The popular film category addition, though, is totally unexpected. I’ve seen awards experts recommend reinstituting the old Best Newcomer award for actors, and there’s the Golden Globes chestnut of bifurcating nominees between Best Comedy and Best Drama. Outstanding Achievement in Popular Film, however, feels like the last resort in the ongoing effort to force members to nominate better-known movies. Fine, nominate Call Me By Your Name, if you must, but now we also have a Popular Film category! This is almost a return to the Academy’s first year back in 1927 when there were separate final awards for Outstanding Picture and Unique and Artistic Picture.
Why are they doing this?
[Update: ABC is making them, according to Variety ]

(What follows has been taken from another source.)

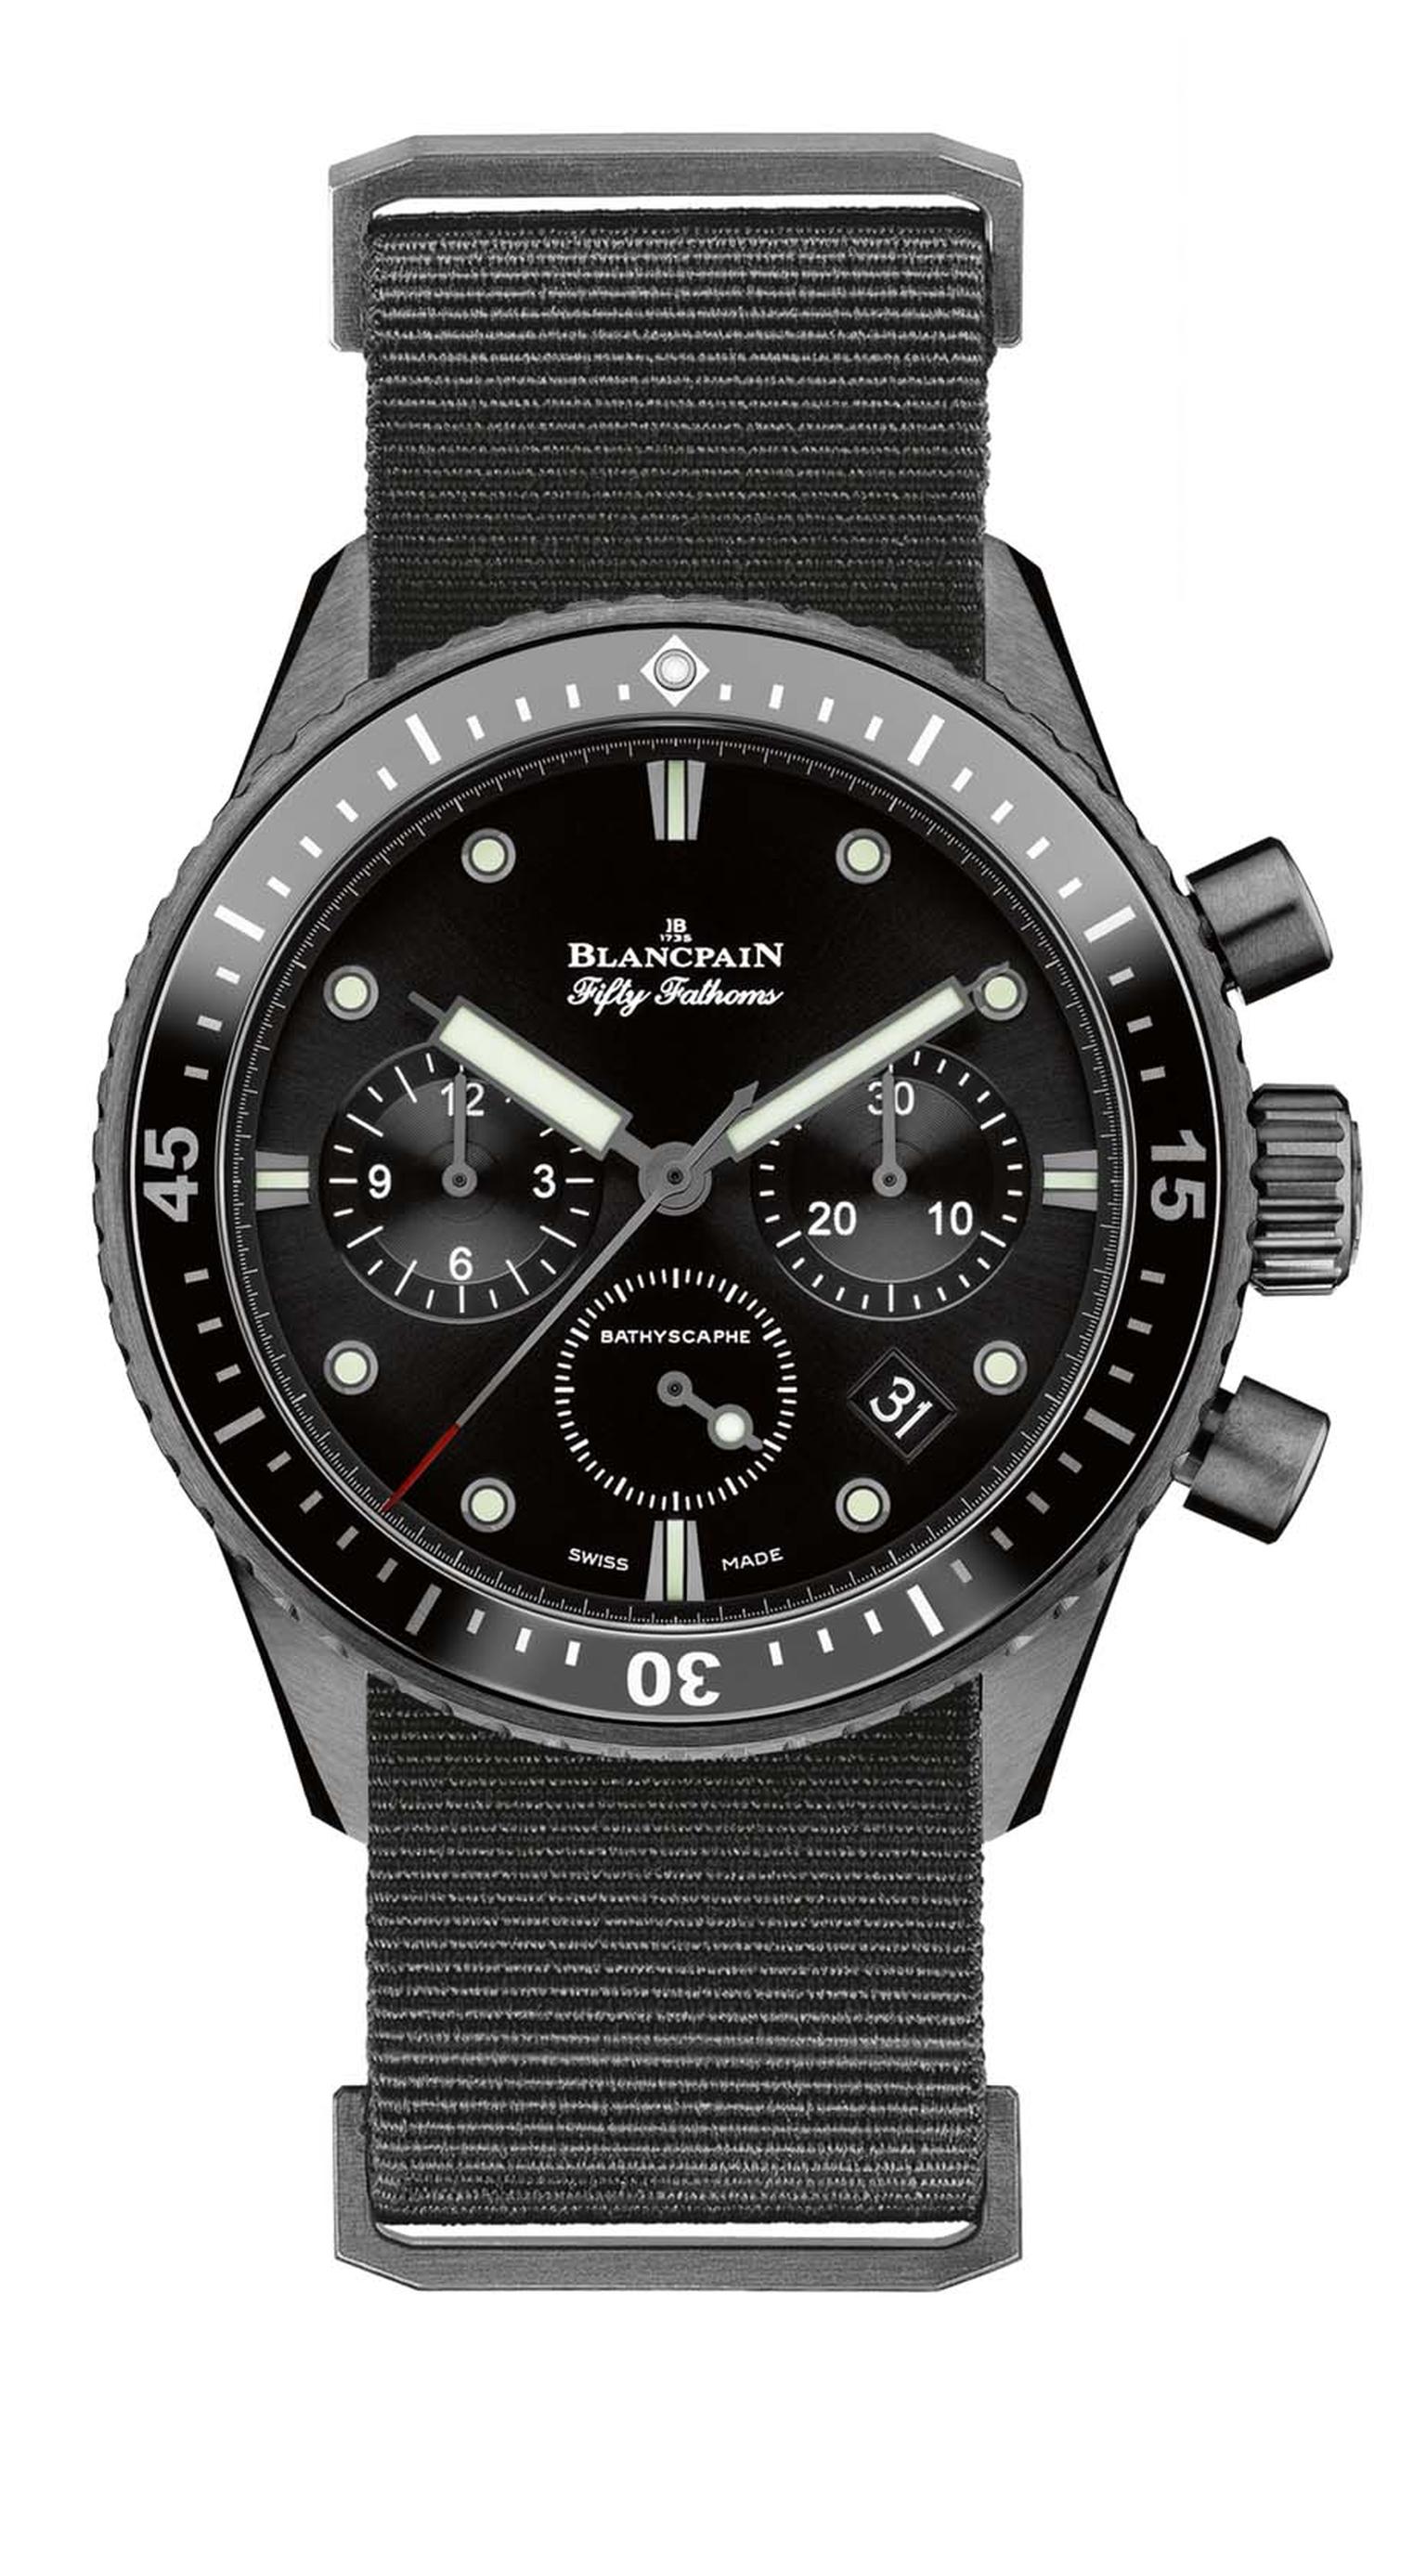 The Blancpain Fifty Fathoms Bathyscaphe was launched this year with a sophisticated flyback chronograph. The 43mm brushed black ceramic model, which offers superior scratch-resistance, is capable of braving depths of 300m.
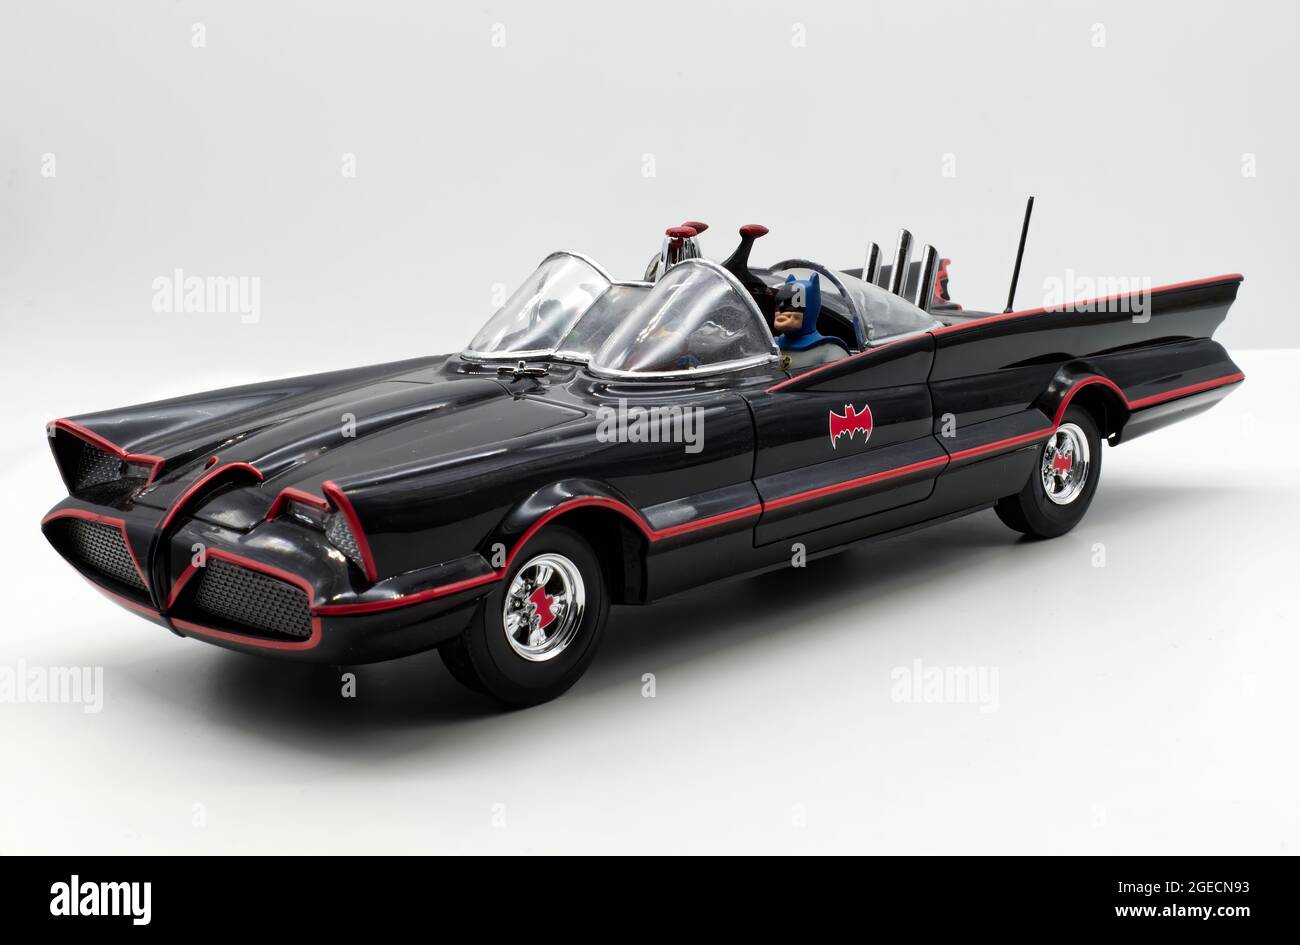 Bologna - Italy - August 19, 2021: Classic Batman action figure inside the Batmobile on white background. Batman from DC comics. Stock Photo

Mostly because The Dark Knight rule – the post-2008 expansion from 5 Best Picture nominees to 10 – hasn’t worked. With the category expanded to include as many as 10 slots, surely some popular movies will have a better chance at earning a nomination, or so the thinking went. This ended up having the opposite effect. Instead of ushering us into a world in which well-reviewed blockbusters are regularly nominated thus giving more casual movie fans an actual horse (or two) in the race for Best Picture the Academy just keeps nominating more indie movies and traditional Oscar bait.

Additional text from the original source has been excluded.